- _Data section_
────────────────

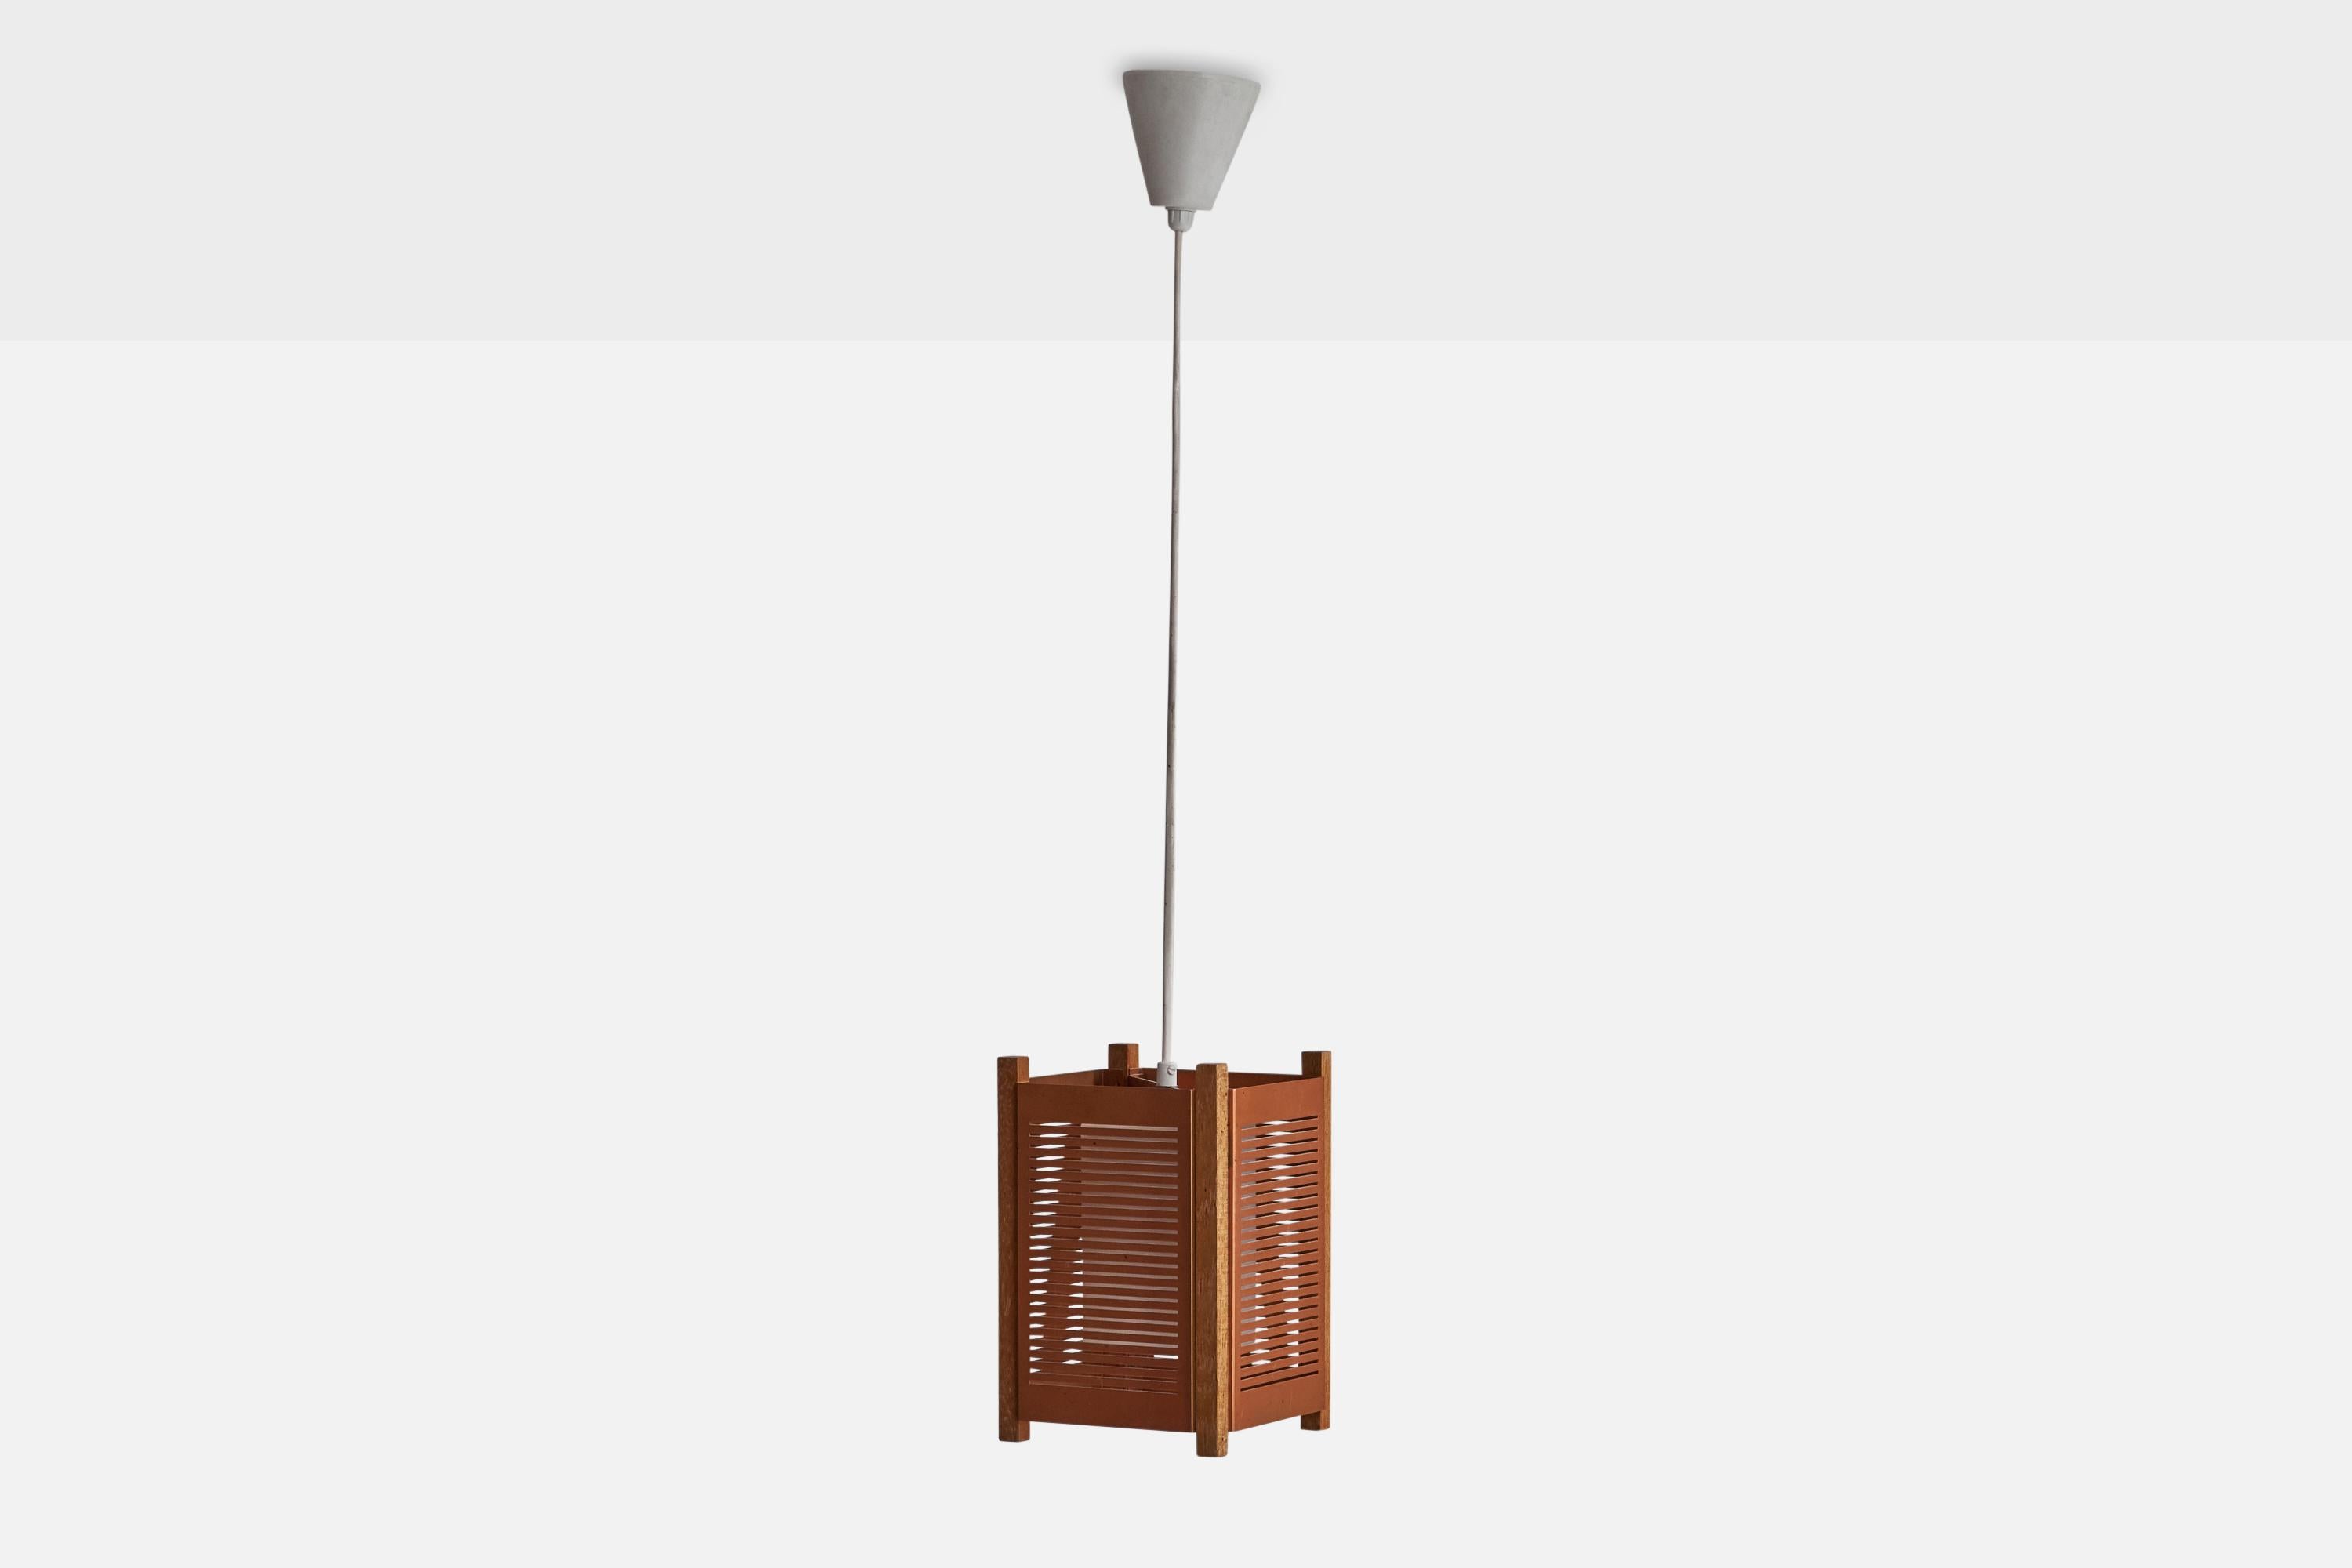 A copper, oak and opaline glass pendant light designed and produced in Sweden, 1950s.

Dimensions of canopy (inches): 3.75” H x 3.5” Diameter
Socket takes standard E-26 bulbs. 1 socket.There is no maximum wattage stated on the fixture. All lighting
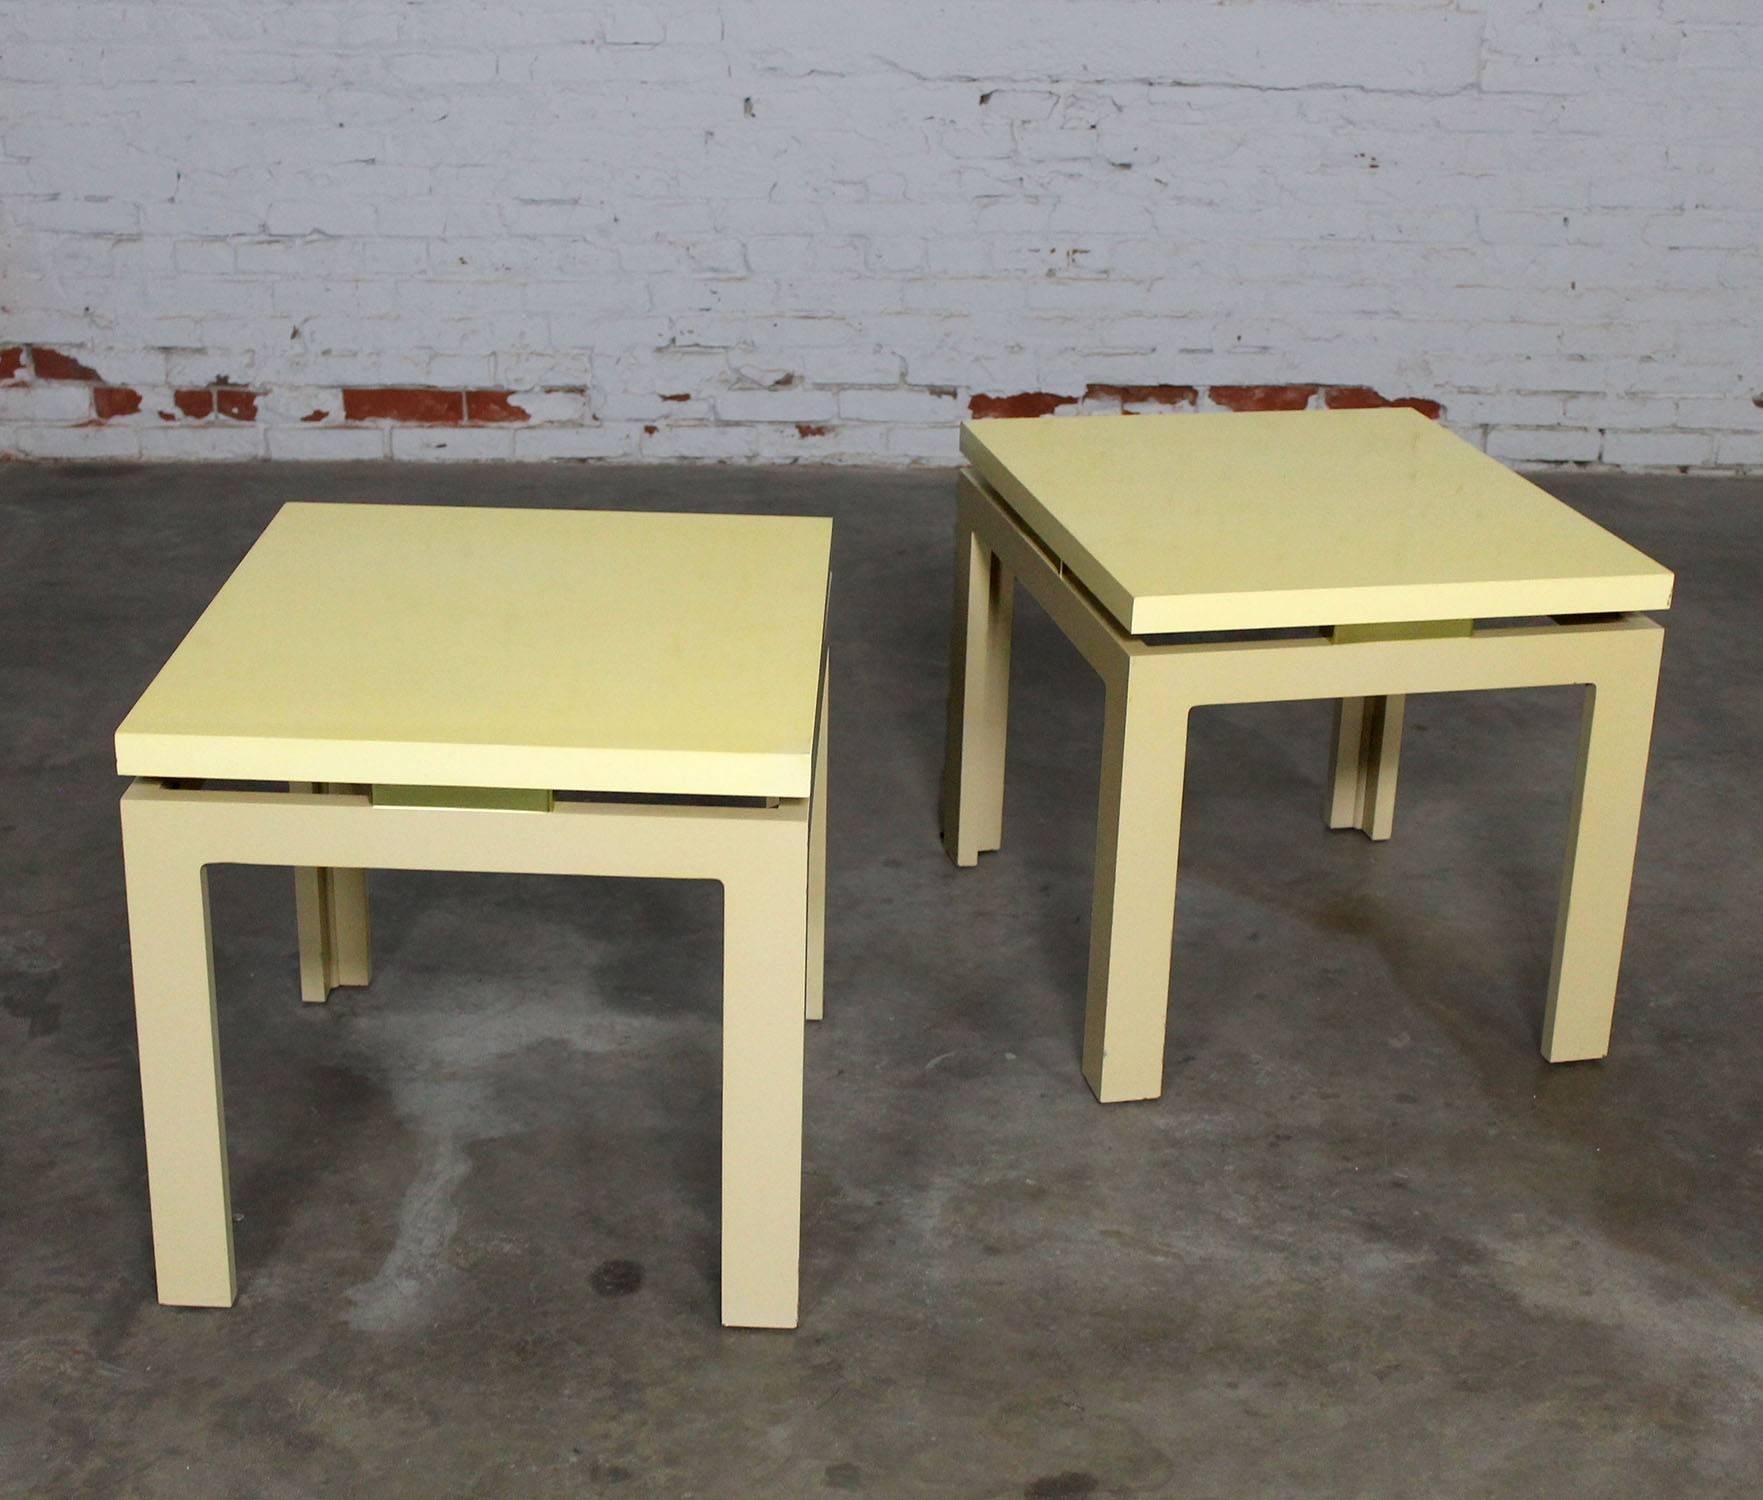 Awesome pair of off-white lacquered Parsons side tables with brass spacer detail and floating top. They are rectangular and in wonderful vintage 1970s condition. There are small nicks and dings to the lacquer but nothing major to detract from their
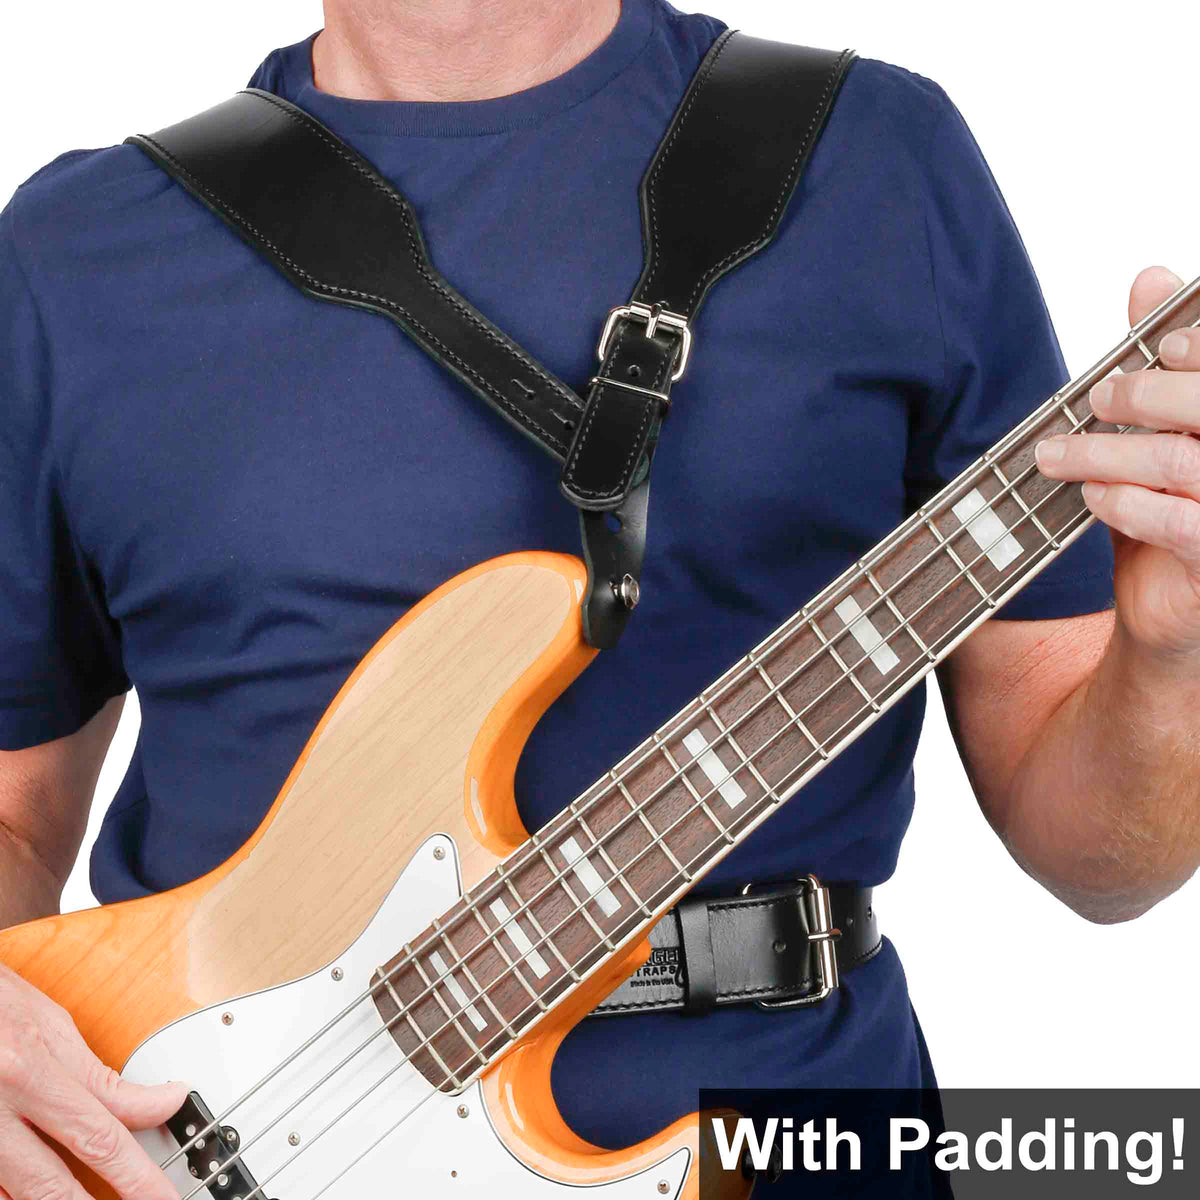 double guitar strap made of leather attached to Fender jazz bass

────────────────

- _Work item_
Every record above must be given again exactly; drop the pictures.

- _Problem solution_
 A copper, oak and opaline glass pendant light designed and produced in Sweden, 1950s.

Dimensions of canopy (inches): 3.75” H x 3.5” Diameter
Socket takes standard E-26 bulbs. 1 socket.There is no maximum wattage stated on the fixture. All lighting
 Awesome pair of off-white lacquered Parsons side tables with brass spacer detail and floating top. They are rectangular and in wonderful vintage 1970s condition. There are small nicks and dings to the lacquer but nothing major to detract from their
 double guitar strap made of leather attached to Fender jazz bass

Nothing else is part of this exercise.